Since the isKey1 variable isn’t significant, we should remove it from the model. We could also put another interaction variable in the model between acousticness and instrumentalness and see if the model improves.
m2 <- lm(popularity ~ acousticness + danceability + energy + instrumentalness + loudness + (energy * loudness) + (acousticness * instrumentalness), data=spotify)
summary(m2)
##
## Call:
## lm(formula = popularity ~ acousticness + danceability + energy +
## instrumentalness + loudness + (energy * loudness) + (acousticness *
## instrumentalness), data = spotify)
##
## Residuals:
## Min 1Q Median 3Q Max
## -36.553 -14.884 -1.867 12.762 76.220
##
## Coefficients:
## Estimate Std. Error t value Pr(>|t|)
## (Intercept) 38.78322 0.44644 86.872 <2e-16 ***
## acousticness -4.78146 0.25011 -19.117 <2e-16 ***
## danceability 2.61564 0.31389 8.333 <2e-16 ***
## energy -5.52234 0.44425 -12.431 <2e-16 ***
## instrumentalness -10.89381 0.23642 -46.079 <2e-16 ***
## loudness 0.75877 0.01696 44.733 <2e-16 ***
## energy:loudness 0.64124 0.03120 20.550 <2e-16 ***
## acousticness:instrumentalness 13.52540 0.40495 33.400 <2e-16 ***
## ---
## Signif. codes: 0 '***' 0.001 '**' 0.01 '*' 0.05 '.' 0.1 ' ' 1
##
## Residual standard error: 18.78 on 130655 degrees of freedom
## Multiple R-squared: 0.09275, Adjusted R-squared: 0.0927
## F-statistic: 1908 on 7 and 130655 DF, p-value: < 2.2e-16
Here we see the Adjusted R-Squared jumped a little to 0.0926974. Our new interaction term seems significant as well. Perhaps another one is called for? Let’s see if there is value to an interaction variable composed of energy and danceability.
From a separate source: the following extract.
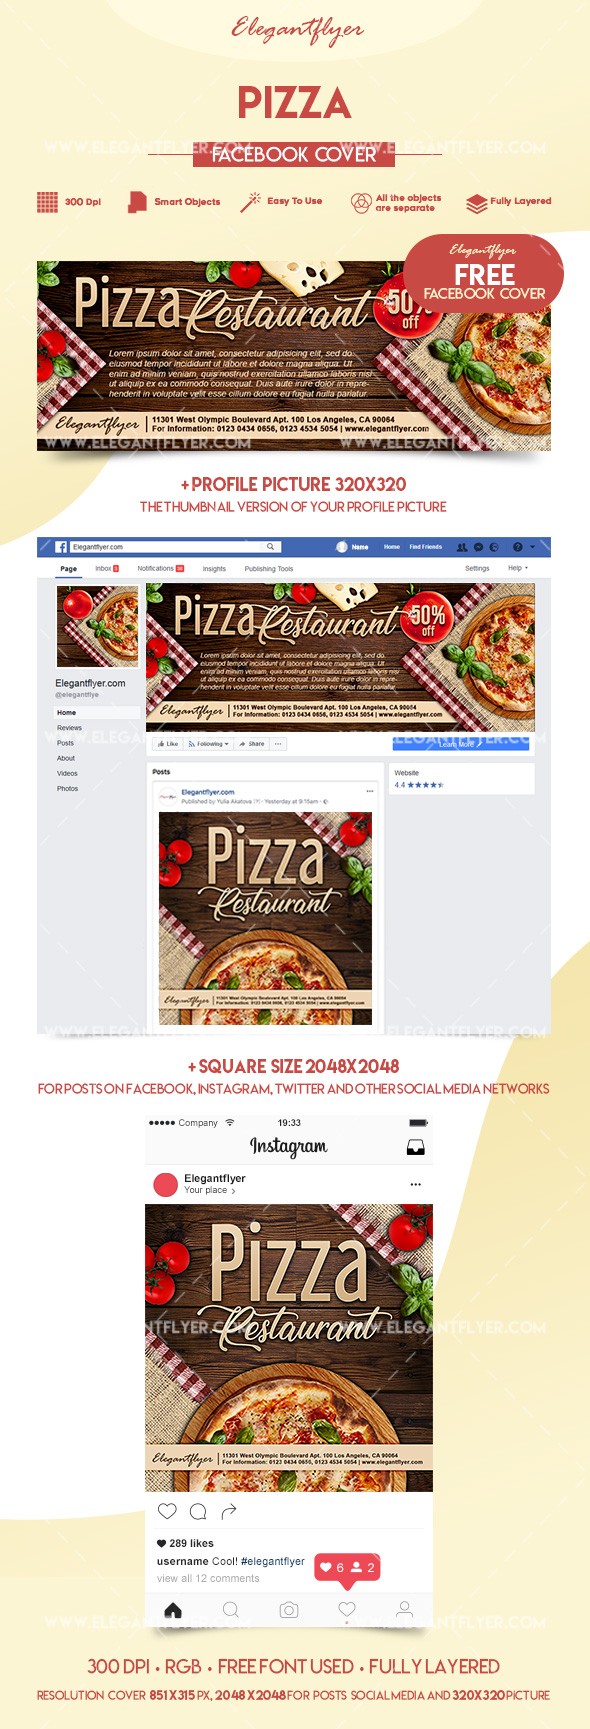 Pizza Facebook by ElegantFlyer

m3 <- lm(popularity ~ acousticness + danceability + energy + instrumentalness + loudness + (energy * loudness) + (acousticness * instrumentalness) + (energy * danceability), data=spotify)
summary(m3)
##
## Call:
## lm(formula = popularity ~ acousticness + danceability + energy +
## instrumentalness + loudness + (energy * loudness) + (acousticness *
## instrumentalness) + (energy * danceability), data = spotify)
##
## Residuals:
## Min 1Q Median 3Q Max
## -38.281 -14.840 -1.867 12.728 75.889
##
## Coefficients:
## Estimate Std. Error t value Pr(>|t|)
## (Intercept) 35.49640 0.58935 60.230 <2e-16 ***
## acousticness -4.65081 0.25051 -18.565 <2e-16 ***
## danceability 7.87817 0.69152 11.392 <2e-16 ***
## energy 0.69415 0.85272 0.814 0.416
## instrumentalness -10.89881 0.23635 -46.112 <2e-16 ***
## loudness 0.71081 0.01786 39.791 <2e-16 ***
## energy:loudness 0.75571 0.03395 22.258 <2e-16 ***
## acousticness:instrumentalness 13.65674 0.40513 33.709 <2e-16 ***
## danceability:energy -9.70001 1.13584 -8.540 <2e-16 ***
## ---
## Signif. codes: 0 '***' 0.001 '**' 0.01 '*' 0.05 '.' 0.1 ' ' 1
##
## Residual standard error: 18.77 on 130654 degrees of freedom
## Multiple R-squared: 0.09325, Adjusted R-squared: 0.0932
## F-statistic: 1680 on 8 and 130654 DF, p-value: < 2.2e-16
Interestingly the new interaction term is significant in this model, but the energy variable itself ceased to be. R will not allow us to drop the main variable and keep it’s intereaction variable, so we’ll keep the model without the new interaction (m2).
So, how good is our model? Judging by the Adjusted R-squared, not too great. But perhaps it is somewhat useful. Let’s look at the residuals:
am2 <- augment(m2)
am2 %>% ggplot(aes(x=.fitted,y=.resid)) +
geom_point(alpha=0.1) + geom_hline(yintercept=0) +
labs(title="Residual Plot")
am2 %>% ggplot(aes(sample=.std.resid)) +
geom_qq() + geom_qq_line() +
labs(title="QQ Plot")
The residual plot is interesting and a definite pattern is there. The QQ plot shows that our residuals aren’t exactly normal throughout the range of samples.
Given the low Adjusted R-squared, and unusual patterns in the residuals, the models we’ve created seem like they are unsuitable for predicting a song’s popularity on Spotify; sorry music executives!